The FirstEnergy All-American Soap Box Derby has created a “museum” on the cusp of the 75th running in three weeks.
Derby officials are displaying 77 historical cars, plaques of champs and hall of fame honorees, and memorabilia in an outbuilding at the Topside entrance on George Washington Boulevard.
That might sound modest, but just three weeks ago the treasures were gathering dust in the basement of the derby administration building and lumped sight unseen in a tractor-trailer.
“I said, ‘Why not put these where people can really enjoy them?’ ” said President Joe Mazur, who is working to rebuild the popularity of the nonprofit. The derby museum — while admittedly rudimentary right now — aims to someday have the flavor of the Indianapolis 500 museum, he said.
The champ cars in the new museum — officially called the Hall of Fame and Museum — represent about half of the 140 vehicles that have crossed the All-American finishing line as winners over the years.
All of the winning cars were supposed to be retired, but the derby didn’t have enough space to store all of them, so some cars were disposed of or went home with their owners.
Akron local derby volunteer Bruce Hunsicker preserved about 40 vehicles in a tractor-trailer on his property, Mazur said. Other cars came from nooks and crannies at the derby and from race alumni who sought visibility for their creations.

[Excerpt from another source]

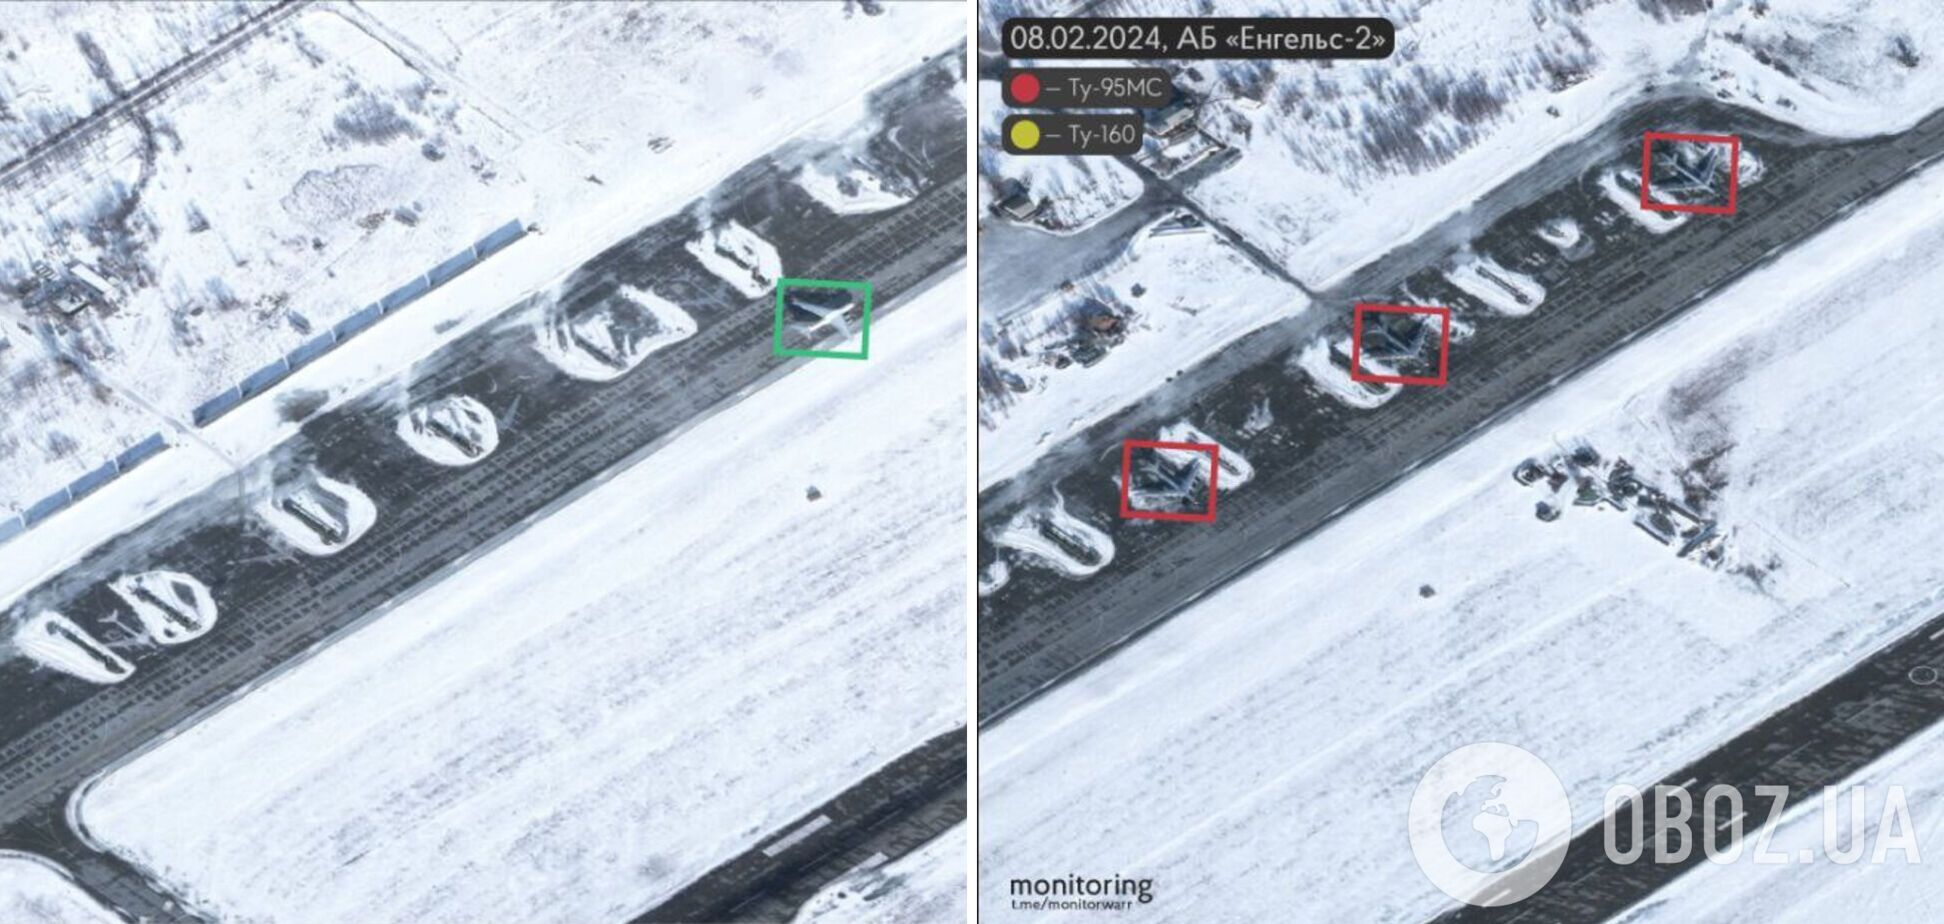 11 літаків-ракетоносців у режимі очікування: у мережі з'явились супутникові знімки аеродрому 'Енгельс-2'. Фото

The featured vehicles include a replica of one of the first cars to race in an event that led to the first Soap Box Derby race.
Bob Gravett’s car — jerry-built from old lumber, wagon wheels and tin — was the inspiration for the initial derby race in Dayton in 1933, the year before the event moved to Akron. Gravett’s car is the derby’s official emblem.
The collection also includes a replica of the infamous winning car from 1973, when James Gronen lost his title for attaching a magnet to the nose of his car.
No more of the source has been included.